- Directed by: Georges Méliès
- Starring: Georges Méliès
- Production company: Star Film Company
- Release date: 1903;
- Country: France
- Language: Silent

= A Spiritualistic Photographer =

1903 film directed by Georges Méliès

A surviving print of the film

A Spiritualistic Photographer (Le Portrait spirite) is a 1903 French silent trick film directed by Georges Méliès. It was released by Méliès's Star Film Company and is numbered 477–478 in its catalogues.

The film parodies the faked images of ghosts created by Spiritualist mediums; Méliès, a fervent critic of Spiritualism, here uses it as an opportunity to show off a new special effect, a transformation created with a dissolve on a white background. Stage magic tricks featuring a similarly mocking attitude toward Spiritualism were often performed in the French fairgrounds for which Méliès produced many of his films.
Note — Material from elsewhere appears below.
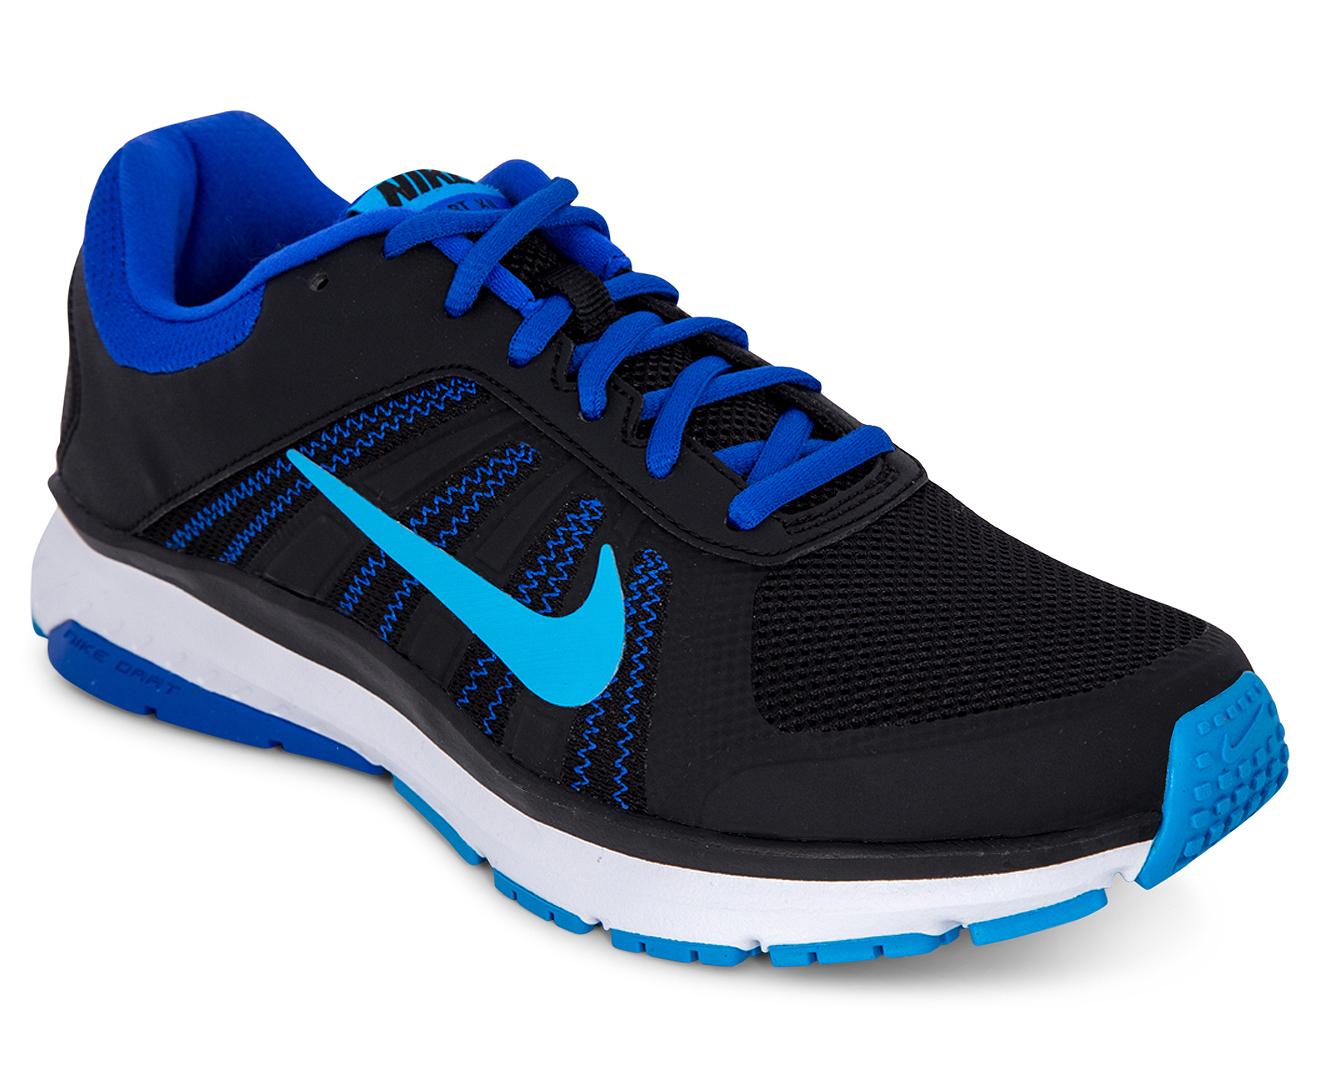 f8268e134c0e Nike Women s Dart 12 MSL Running Shoe - Black Dark Blue Light Blue White
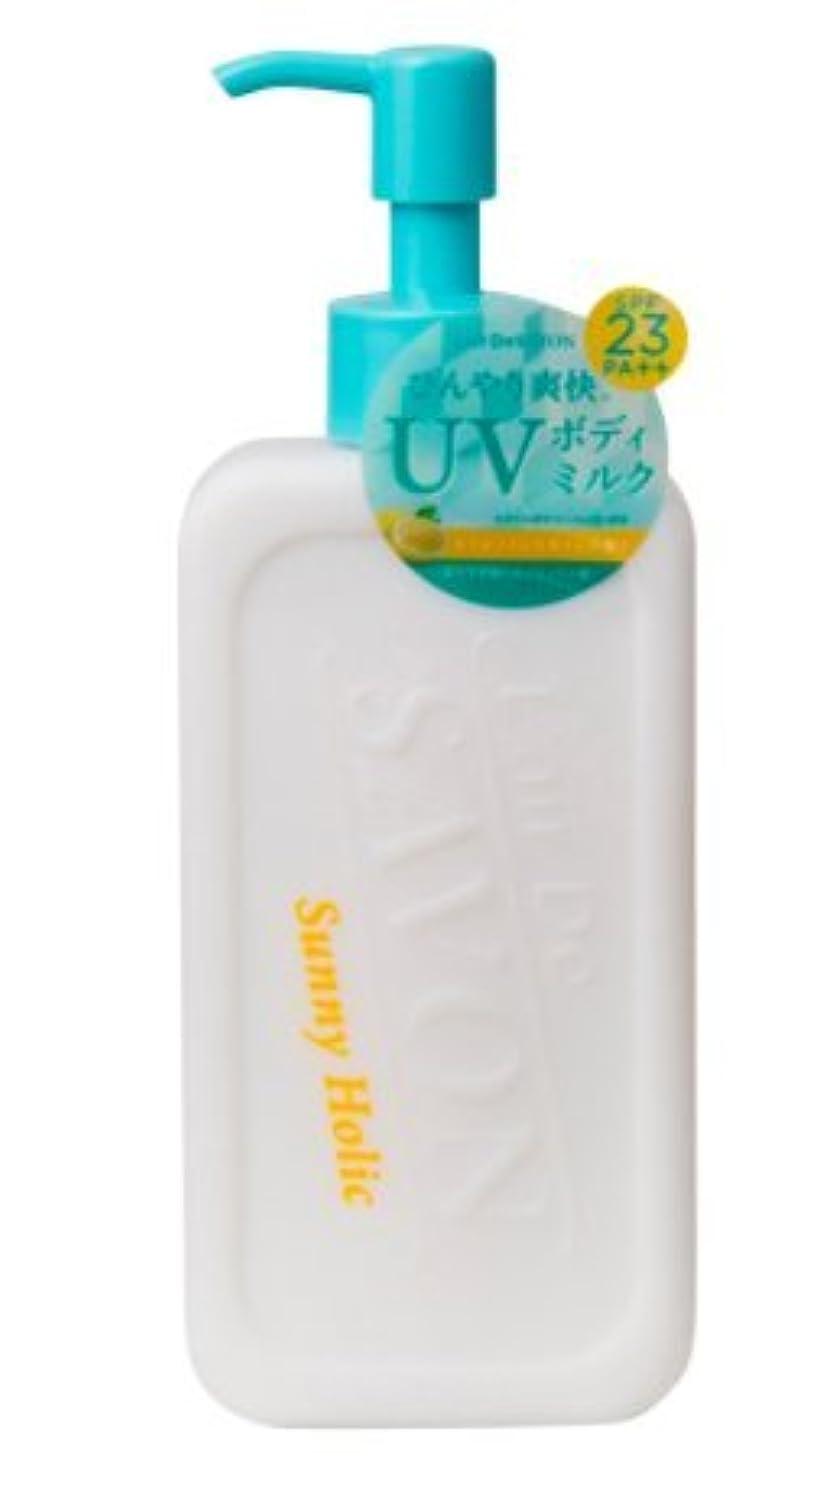 セラフ賛辞適切にレール デュ サボン L'air De SAVON レールデュサボン アイスミルクUV サニーホリック 200ml 数量限定品 fs

The film's concept can be seen as the reverse of those in Méliès's films The Living Playing Cards and The Lilliputian Minuet; in those films, living people come out of portraits, while in this case the portrait comes second.

Méliès appears in the film as the magician. The gilded setting and stools used here reappear in several of his other films. The special effects were created with pyrotechnics, substitution splices, dissolves, and multiple exposures.

The film survives in the form of a 35mm paper print.